本当に来るとは思わなかったけど、まあ手間が省けただろう。
「嫌あああああああ、ツキコが来たああああああああ! 助けてええええ、助けてえええええ!」
「……大丈夫、優しくしてあげるから……」
嫌がるフデに、ツキコさんはカタナを抜いて迫る。
しかし、僕の家の中で変な運動をされたら困ってしまう。
ここは外に誘導してやらないと。
「ツキコさん、ここは僕の家なので外でお願いします」
「チィッ、分かったわよ。さあ早く立ってダーリン、外に行きましょう。じっくり突き入れてあげるから」
「し、尻はやめてええええええええ!」
フデの方が強いのに反撃はしないようだ。
やっぱり相手が女性だからだろうか?
それとも意外と彼女が欲しかったり?
「じゃあお幸せにー」
っと、僕は手を振って二人を見送り、いつも通りに仕事に出掛けて行く。
だが、いつまで経ってもフデとツキコさんはギルドに現われることはなかった。
スラーさんが何も言わない所を見ると、一応許可は取ってあるのだろう。
そのまま何事もなく流れる日々は三日と続き、その日ついに二人の姿が現れた。
「ああ、ツキコは何て可愛いんだ。俺はツキコの虜だ。もう他のことなんてどうでもいい!」
「……フフ、嬉しいわダーリン」
あれだけ嫌がっていたフデは、ツキコさんと仲睦まじく腕を組んでいる。
あまりにも変わり過ぎているし、特殊な調教でもされたのだろうか?
僕には計り知れないことだ。
気にしないでおこう。
まあそれ以外は普通の日常になると思っていた。
「……じゃあ今日の夜また会いましょう」
「もちろんだよツキコ、部屋で待っていてくれ!」
二人は別れて別々の仕事をするようだ。
ツキコさんがデッドロックさんと出掛けた瞬間、フデは僕の下へとやって来た。
僕の腕を両手で掴み、周りを見渡してから。
「助けてくれえええええええええええ、ライバルよおおおおおおお!」
と泣きついて来た。
まだ完全な洗脳には至っていないようだ。
「クー、早くしなさいよ」
「ヨメ、ハヤくシろ!」
外回りに行こうと、二人が呼んでいる。
「あ、は~い、今行きまーす」
僕は気にせず仲間達と出掛けようとするのだけど、フデは僕の腕を離さない。
「手を離してくれませんか?」
「助けてくれたら離してやろう」
スラーさんに頼まないのは無駄だと分かっているからか?
「「…………」」
僕とフデの妙な沈黙が続く。
しかし。
「あんた邪魔よ! 仕事ができないでしょうが!」
「ジャマまー!」
「ぐはあああああああああ!」
ファラさんからギャラクシー・クラッシャー・パンチ(謎)を食らい、フデは天井にぶつかって落ちて来た。

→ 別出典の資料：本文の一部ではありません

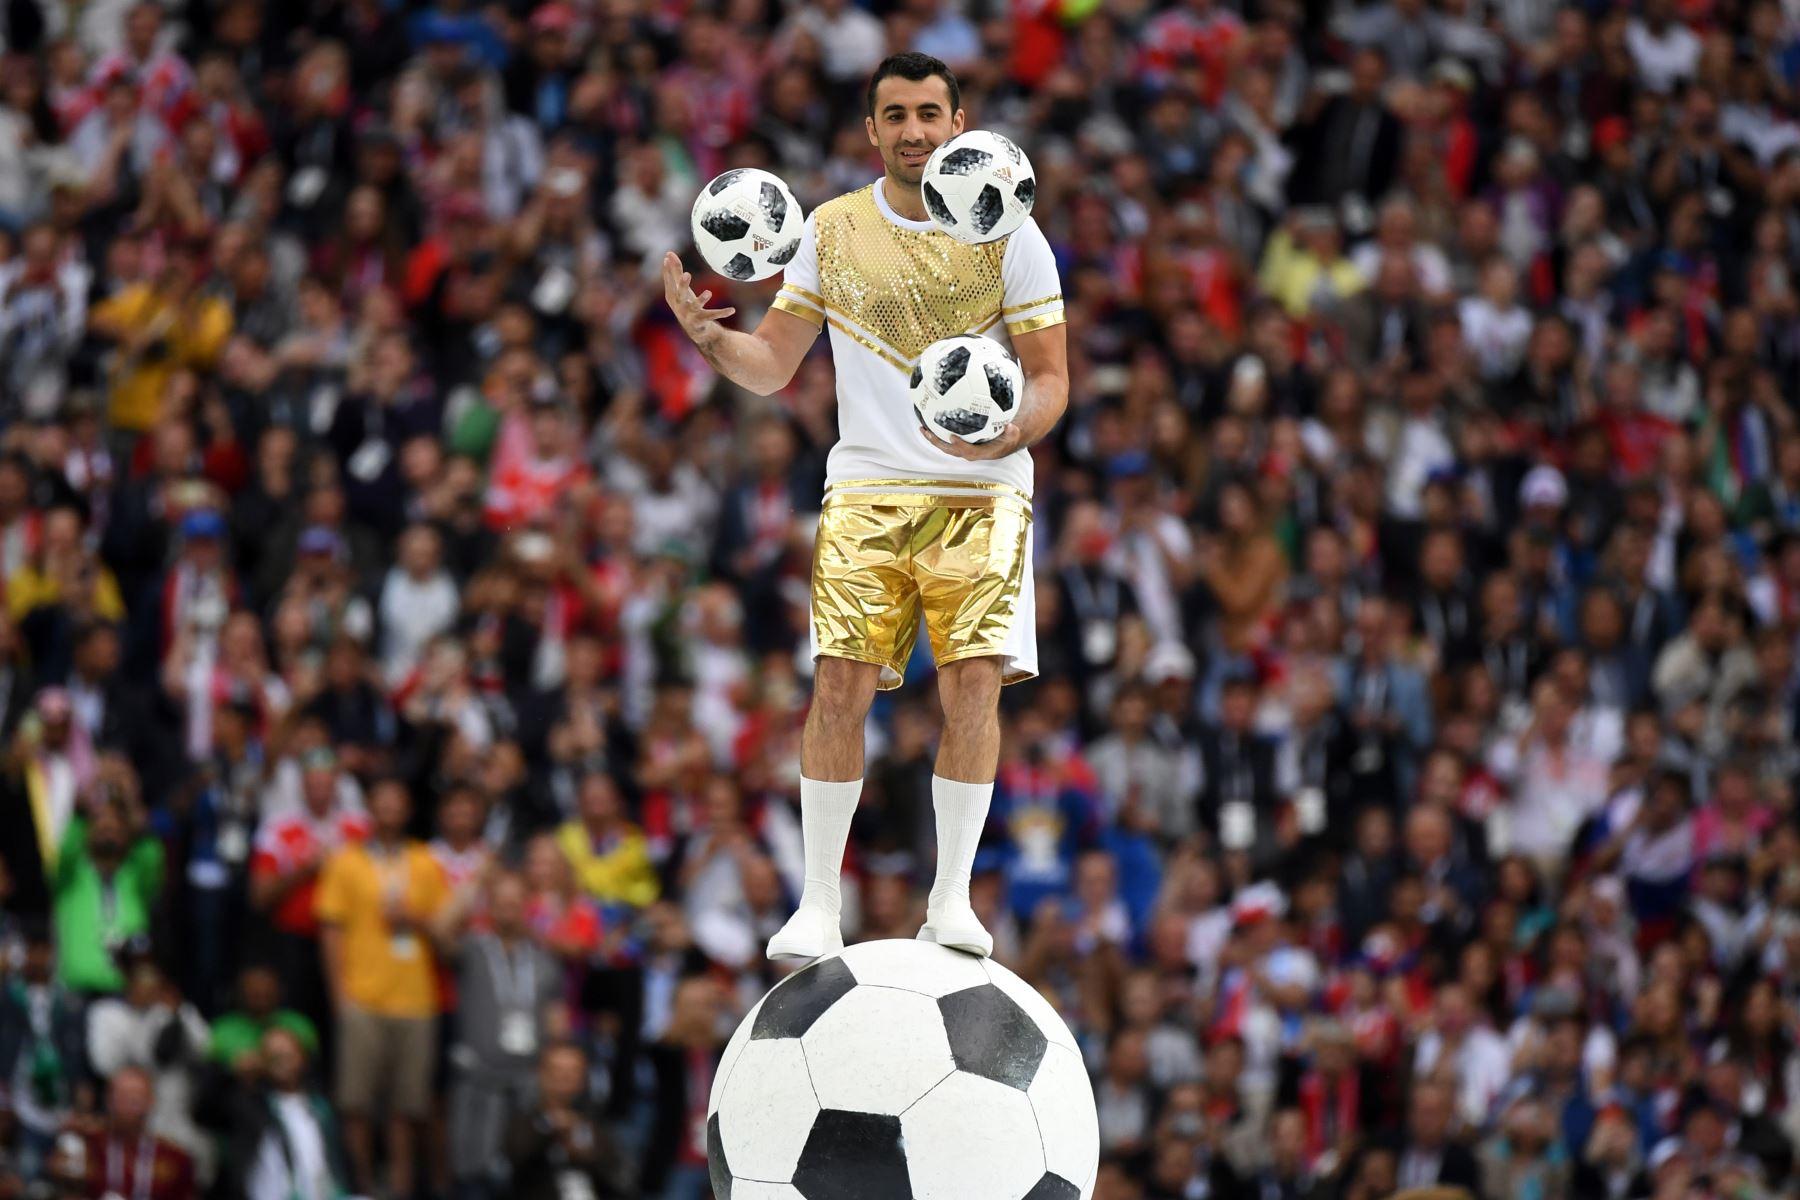 Artista hace malabares con 3 balones de fútbol durante la Ceremonia de Apertura antes del partido de fútbol Rusia A del Grupo A de la Copa Mundial 2018 entre Rusia y Arabia Saudita en el Estadio Luzhniki en Moscú. AFP

僕はこの隙に逃げようと移動したのだけど、黒鉄虫のように這いずり回り、僕の足首を掴んでしまう。
「ライバルよ頼む! 俺にはお前しか頼む奴が居ないんだ!」
泣きながら必死で頼んで来るフデの本気度が垣間見える。
「あんたちょっとしつこいのよ」
ファラさんは止めを刺そうと前に出るが、なんか可哀想になってきた。
だから僕は。
「ファラさん待ってください。フデさんの話だけは聞いてあげたいので、スラーさんに同行の許可を貰って来ます」
「おおおおおお、ありがとうライバルよおおおおお!」
僕の中の魔王という概念が揺らぎそうである。
もちろんフデだけが特別なんだろうけど。
スラーさんからは、『まあいいんじゃないですか』と軽く言われてしまった。
もしかしたら、フデがどうなろうと興味がないのかもしれない。
という訳で一緒に出発した僕達は、フデの話を聞きながら移動している。
「……ライバルよ、という訳なんだ! 俺とツキコを別れさせないで暴力だけをやめさせてくれ!」
で、聞き終えた結果、暴力は嫌だけどツキコさんには恋人になって欲しいということらしい。

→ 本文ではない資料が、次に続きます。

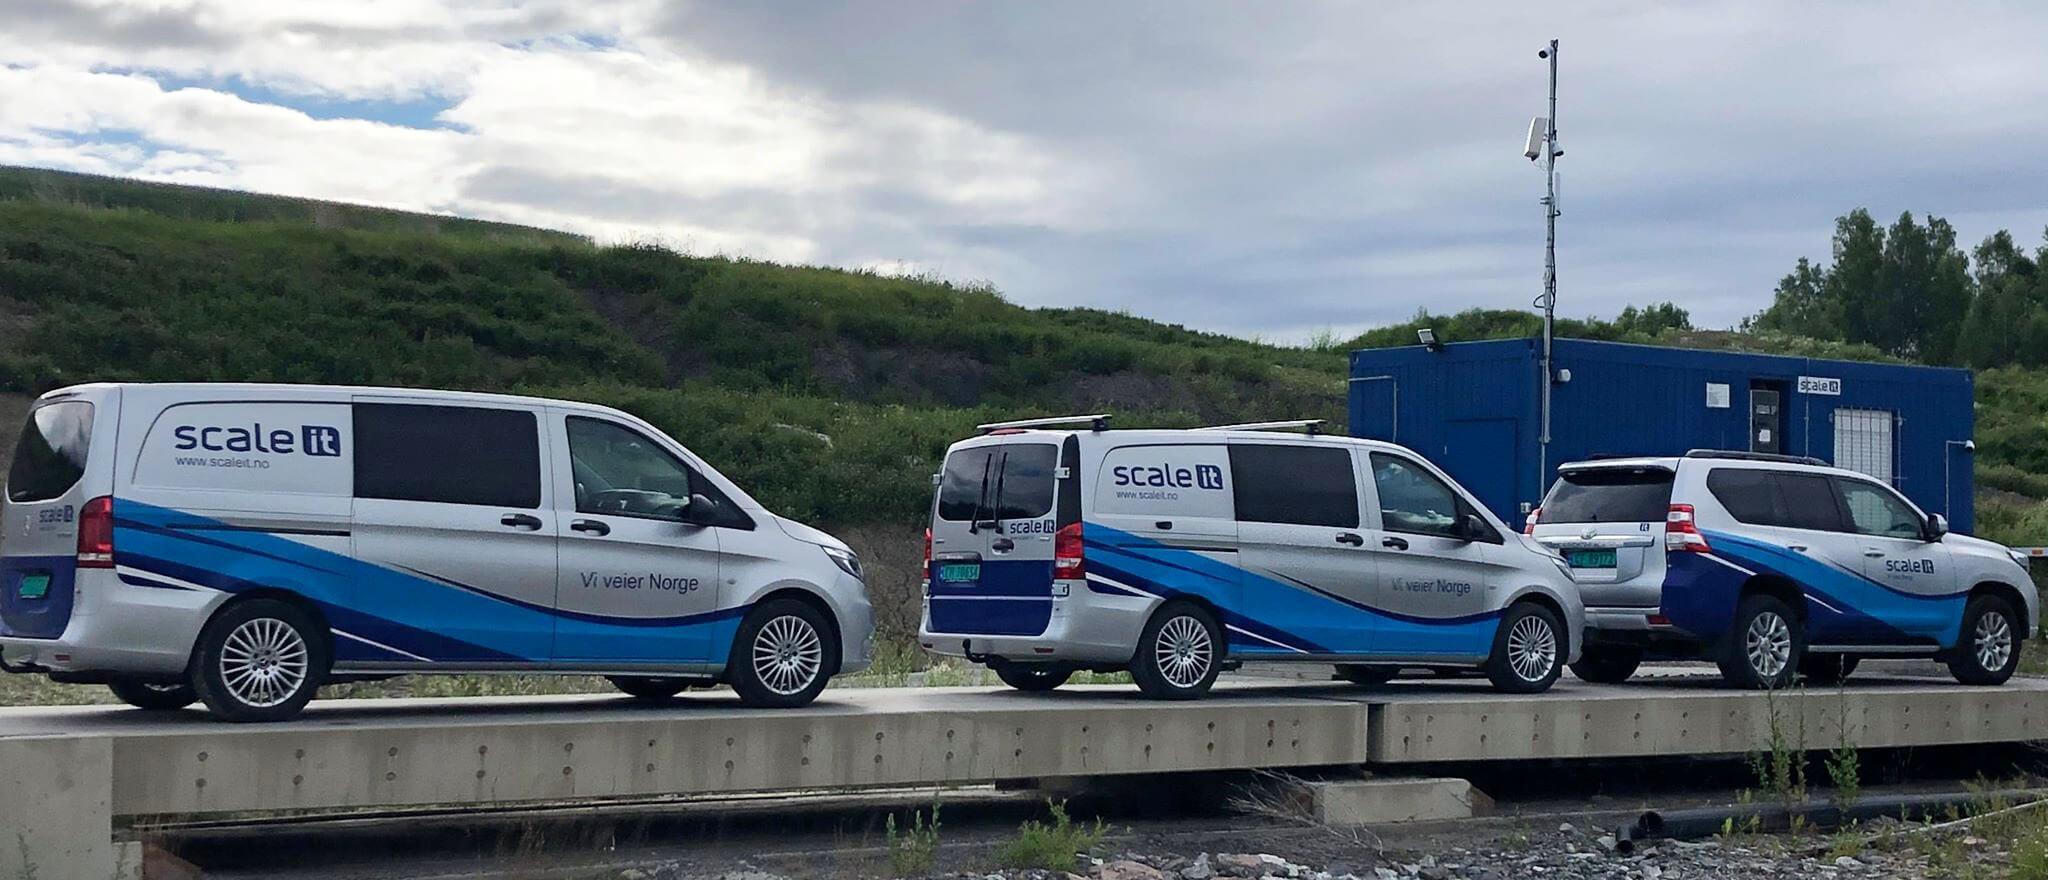 Servicebiler på rekke og rad

「なんというか、思った以上にどうでもいいですね……いいじゃないですか、暴力さえ我慢すれば全部上手くいきますよ」
「無理無理無理無理無理! お前は知らないから言えるんだ。反り返ったカタナで何度もケツを刺されるんだぞ! おかしなものに目覚めそうになるじゃないか! 気持ちよくなったらどうしてくれるんだ!?」
僕はそんなものを知りたいとは思わない。
やっぱり丁重に断るのが吉だと僕は思ったのだけど。
「いいわ、手伝ってあげる。恋愛相談なら私に任せなさい」
「マカセろー!」
どうやら話を聞いていたファラさんが、やる気を出してしまったようだ。
ファラさんが恋愛事に詳しいとは思えないのだけど、嫌な予感しかしてこない。
否定したら怖いからやめておこう。
クー・ライズ・ライト (僕)
グリス・ナイト・ジェミニ (双子の男の子)
リューナ・ナイト・ジェミニ(双子の女の子)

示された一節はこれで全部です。